--- DATA FOR REVIEW Enclosed Below ---

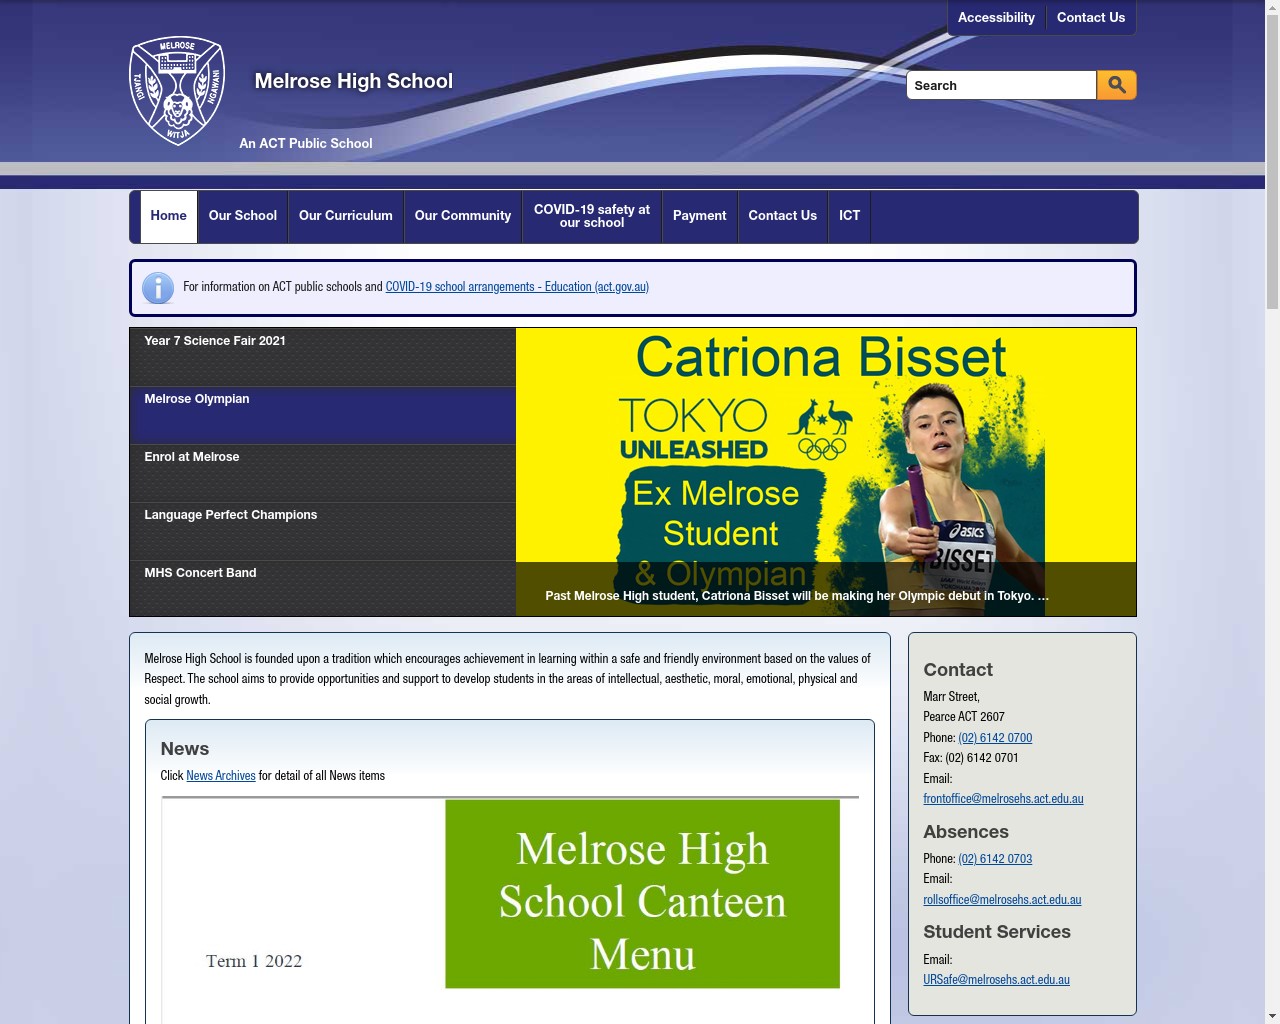 Melrose High School
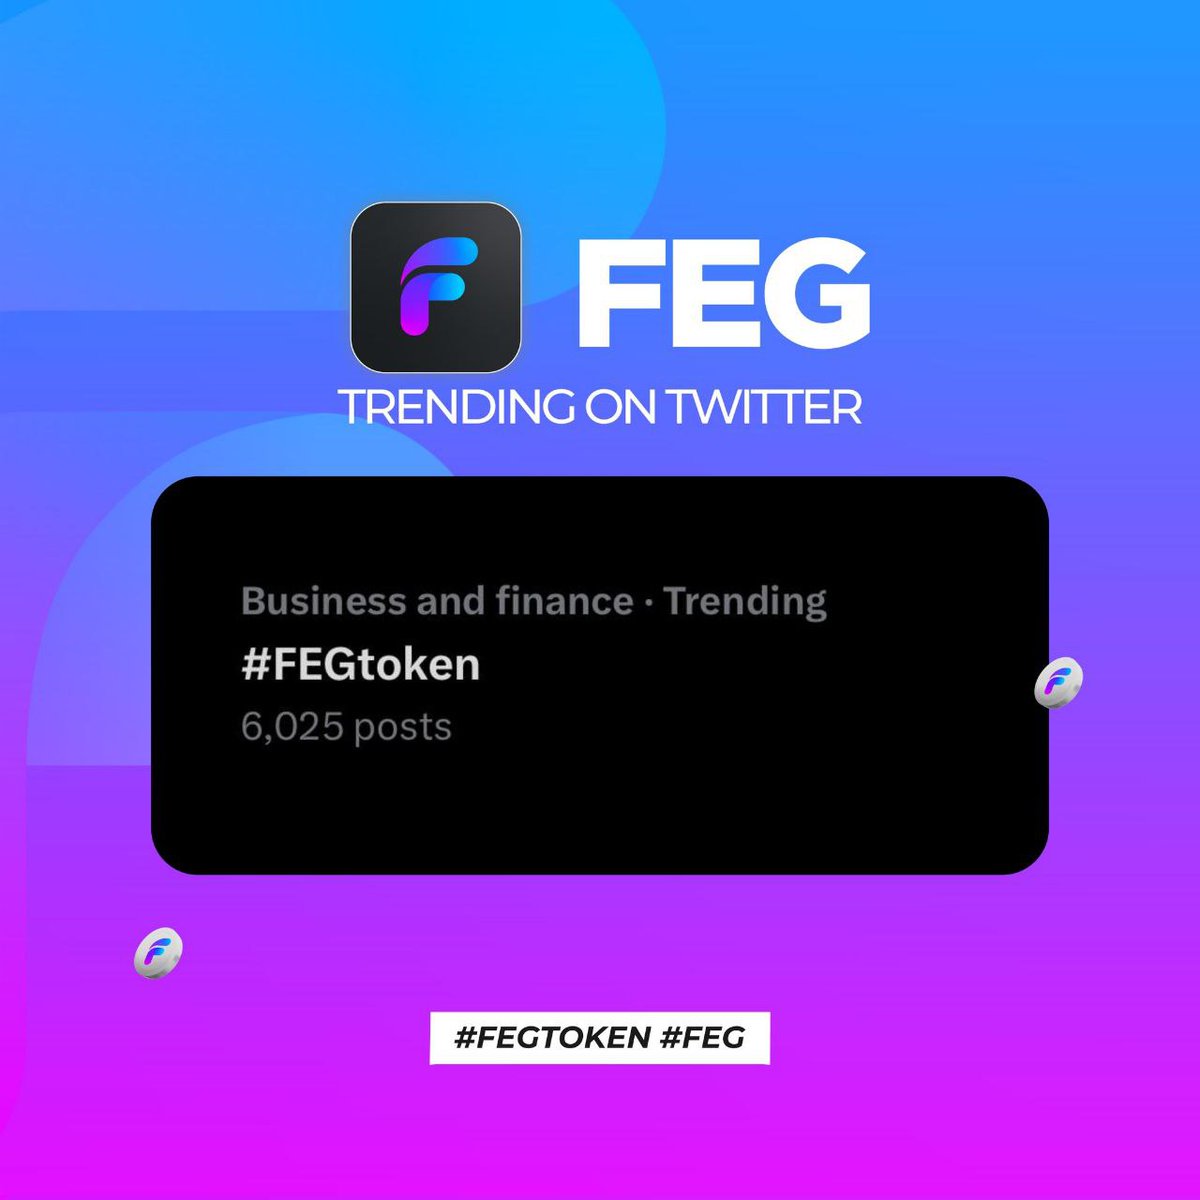 Are you ready for the change of world??!!

#FEG
#FEGtoken 🦍🦍🦍  
#SmartDeFi🔥🔥🔥
#FEGstake
#FEGdepployer

#FEGROX👽👽👽

#Token2049Singapore
#Token2049
#whatsatstake

--- End of Enclosed DATA FOR REVIEW ---

| WHAT YOU HAVE TO DO |
Retype each entry exactly. No pictures.

| RESPONSE TO THIS EXERCISE |
 Melrose High School
 Are you ready for the change of world??!!

#FEG
#FEGtoken 🦍🦍🦍  
#SmartDeFi🔥🔥🔥
#FEGstake
#FEGdepployer

#FEGROX👽👽👽

#Token2049Singapore
#Token2049
#whatsatstake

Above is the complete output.